GDIT Joins Tech Community and White House to Mine Scientific Research for a Global Challenge
As the world continues to confront the COVID-19 pandemic, we find ourselves collectively in an environment that demands, more than ever, quick action, expertise and collaboration. GDIT has joined a White House Artificial Intelligence Challenge and the scientific community to find answers to big questions on COVID-19.
Why does the virus affect different people in dramatically different ways?
Enter the COVID-19 Open Research Dataset (CORD-19). The White House and a coalition of research groups including the Allen Institute and Google (with its data science subsidiary Kaggle), collected more than 135,000 machine-readable scholarly articles about coronaviruses and made it accessible to the entire global research community.
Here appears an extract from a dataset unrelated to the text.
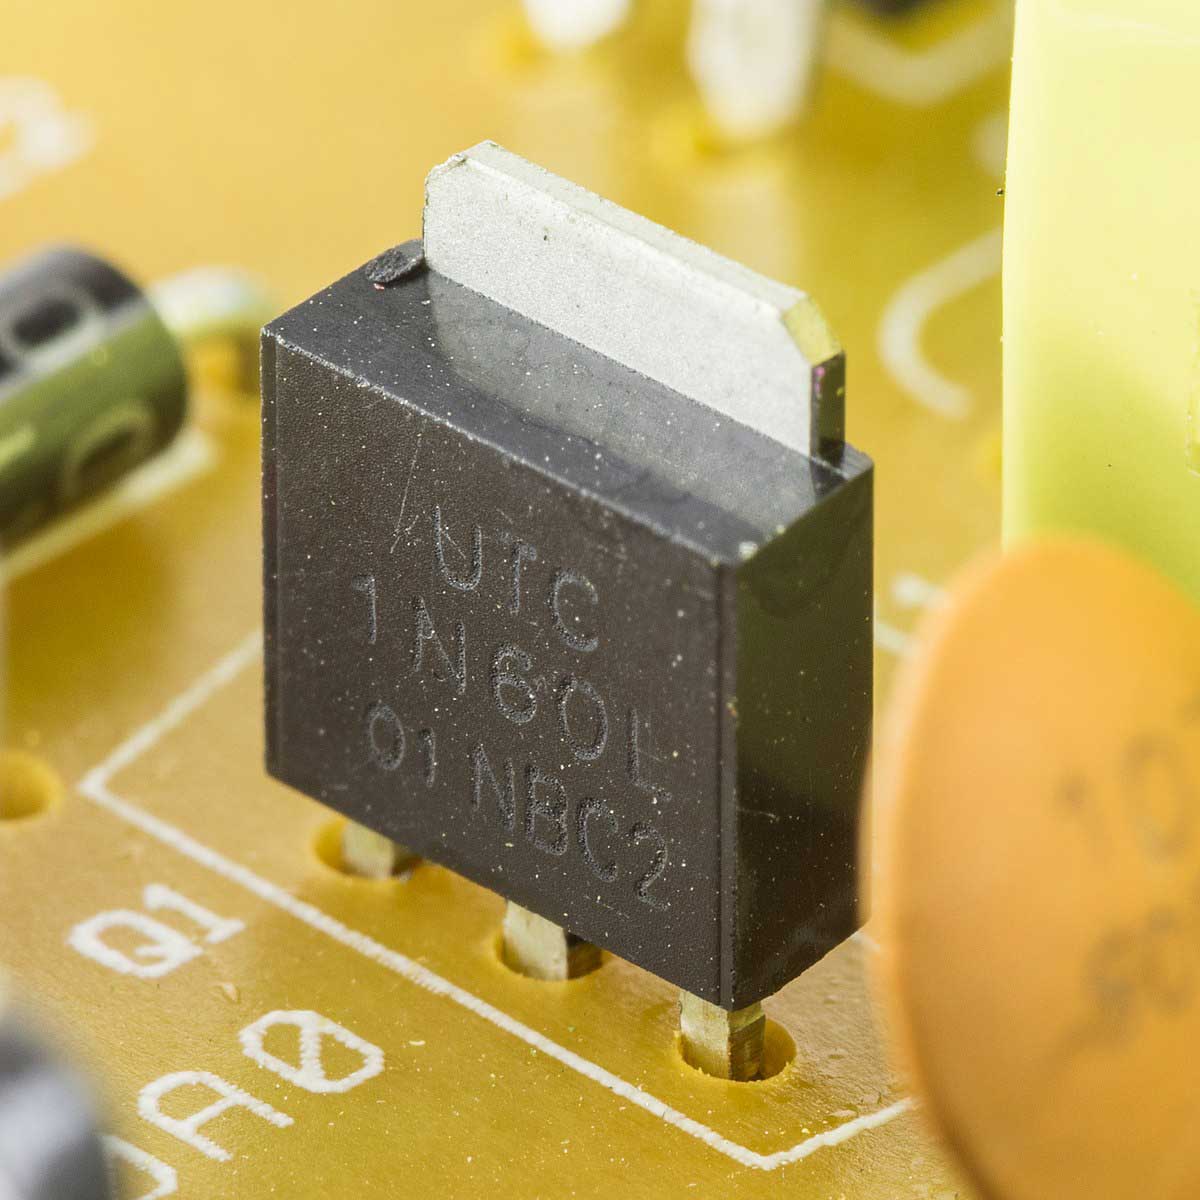 An N-channel power MOSFET

The challenge calls for the nation’s AI experts to develop new text and data mining techniques using the open dataset. By applying scientific understanding combined with new advances in natural language processing (NLP), machine learning (ML) and AI, GDIT is responding to the challenge to help find new insights about the virus and support the worldwide effort to eradicate it.
Natural Language Processing Analysis Links Diabetes Risks
A GDIT team was assembled to focus on finding answers to COVID-19 risk factors, including in-house epidemiologists, NLP and AI/ML experts and those supporting missions with populations with chronic conditions, who may be among those most impacted by the virus. By examining the prevalence and co-occurrence of number of patients, comorbidities and percentages, the team started to find linkages between diabetes and COVID-19 deaths and the specific risks the virus presents for people with diabetes.
This initial effort, and the team’s method of extracting and understanding the entities mentioned, has provided a framework to not only look at other underlying health conditions (such as hypertension, heart disease, etc.) but to also expand the scope of entities examined to include things like geographic or demographic data as well – e.g. how old are the patients, what’s their ethnicity, where do they live and why could that be important?
The team’s participation in the challenge was made possible by the fact that GDIT had in-house experts in NLP and AI/ML, knowledge of a specific population of COVID-19 patients and the support internally from company leadership to focus on this effort. Its work will soon be published in scientific journals and will continue to expand, building on its initial submission.
In the coming months, the GDIT team will continue to work together in support of this critical global health sciences need.